Former Australian workhouse for female convicts

The Ross Female Factory, a former Australian workhouse for female convicts in the penal colony of Van Diemen's Land, is located in the village of Ross, in the midlands region of Tasmania. The site was operational between 1848 and 1854.

Collectively, Australia’s convict sites represent an exceptional example of the forced migration of convicts and an extraordinary example of global developments associated with punishment and reform. Representing the female experience, the Ross Female Factory demonstrates how penal transportation was used to expand Britain's spheres of influence, as well as to punish and reform female convicts.

The overseer's cottage is open to public who can get a glimpse of the history of the convict site, which has been kept on display. The archaeological excavations of the site have revealed that the factory was divided into three sections - the Crime Class, the demoted Solitary Cells, and the promoted Hiring Class. These were considered the three stages of reform during the incarceration of the female convicts.

==History==
The Ross Female Factory opened in March 1848 and closed in November 1854. Transportation to Van Diemen's Land had ceased in 1853. The site served as a factory as well as a hiring depot, an overnight station for female convicts travelling between settlements, a lying-in hospital and a nursery.

Female convicts were hired for many different reasons from the factory as probation passholders to local settlers, mainly to work as domestic servants. They could be sent back to the factory for punishment if they were charged with an offence by their master or mistress.

The first Superintendent to be appointed was Dr William J Irvine; he also acted as the Medical Officer at the Factory.

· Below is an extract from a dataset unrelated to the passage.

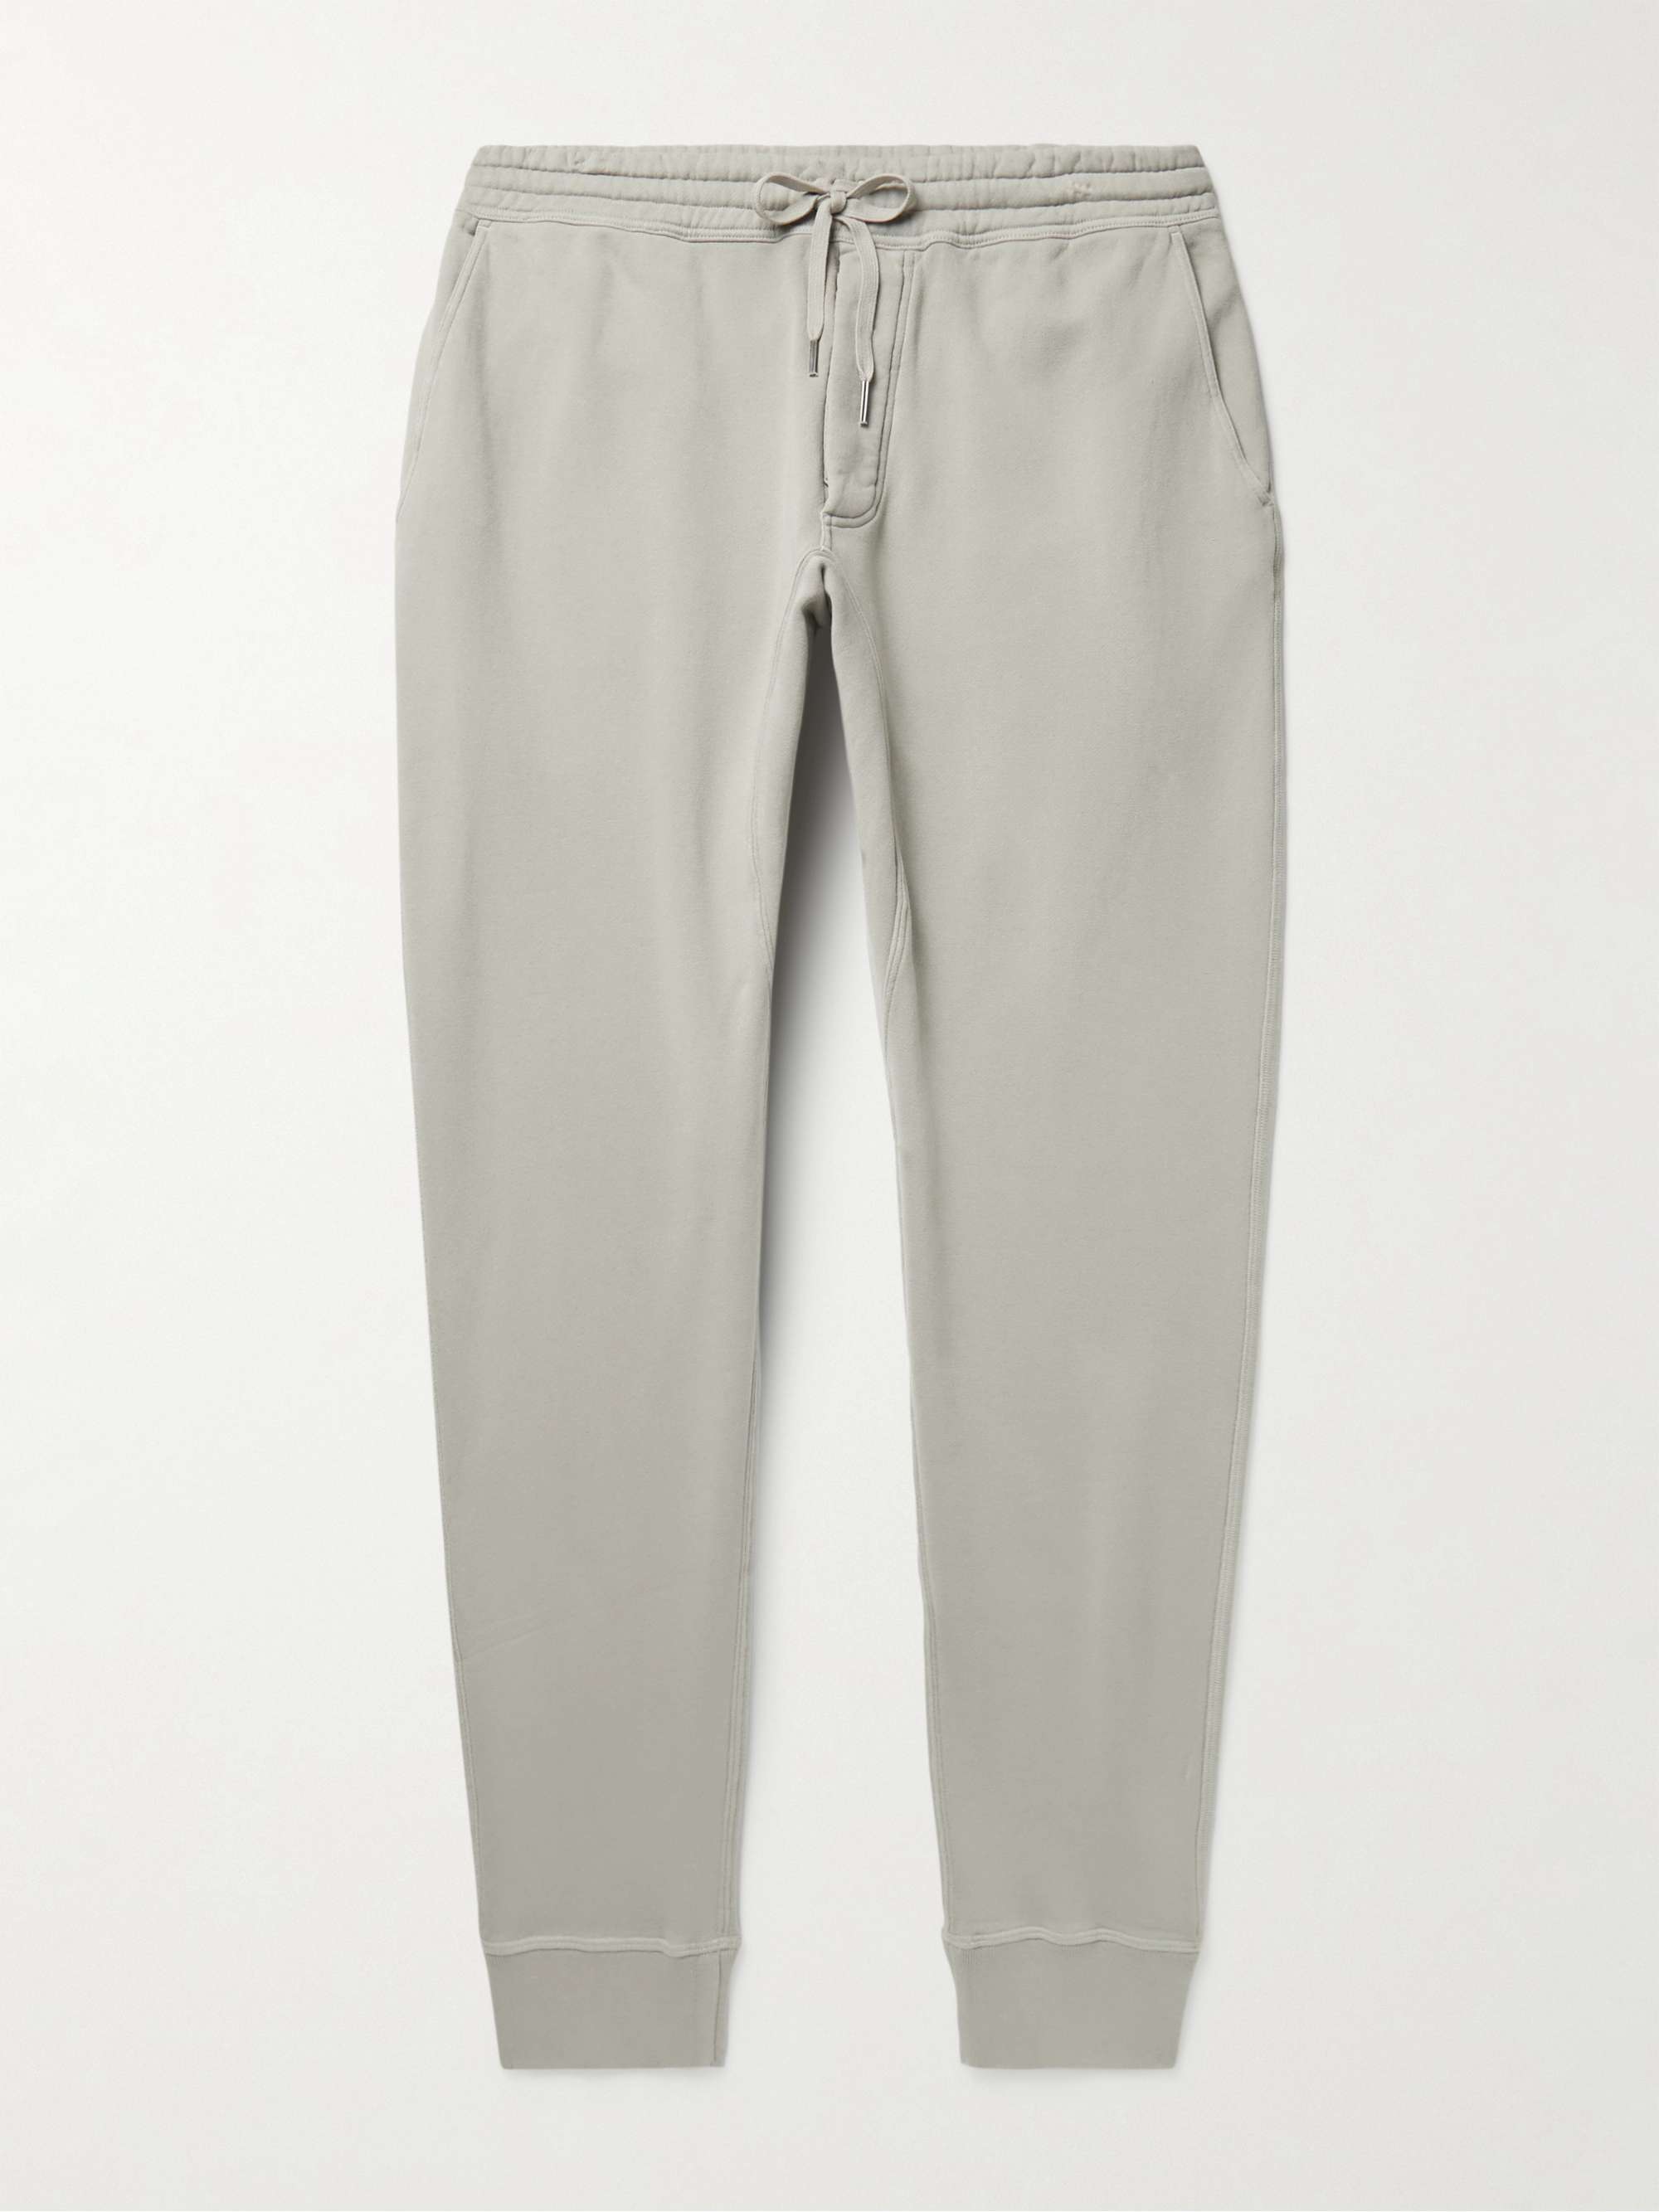 TOM FORD Tapered Garment-Dyed Cotton-Jersey Sweatpants for Men | MR PORTER

His wife Ann was appointed as Matron.

The Police Department took over use of the buildings after the female factory closed in 1854. The chapel was used by the Roman Catholic Church.

Several archaeological digs have been conducted at Ross Female Factory, under the supervision of Eleanor Casella since 1995.

Hundreds of female convicts passed through the Ross Female Factory during its six and half years of operation. Some of their stories appear in Convict Lives at the Ross Female Factory.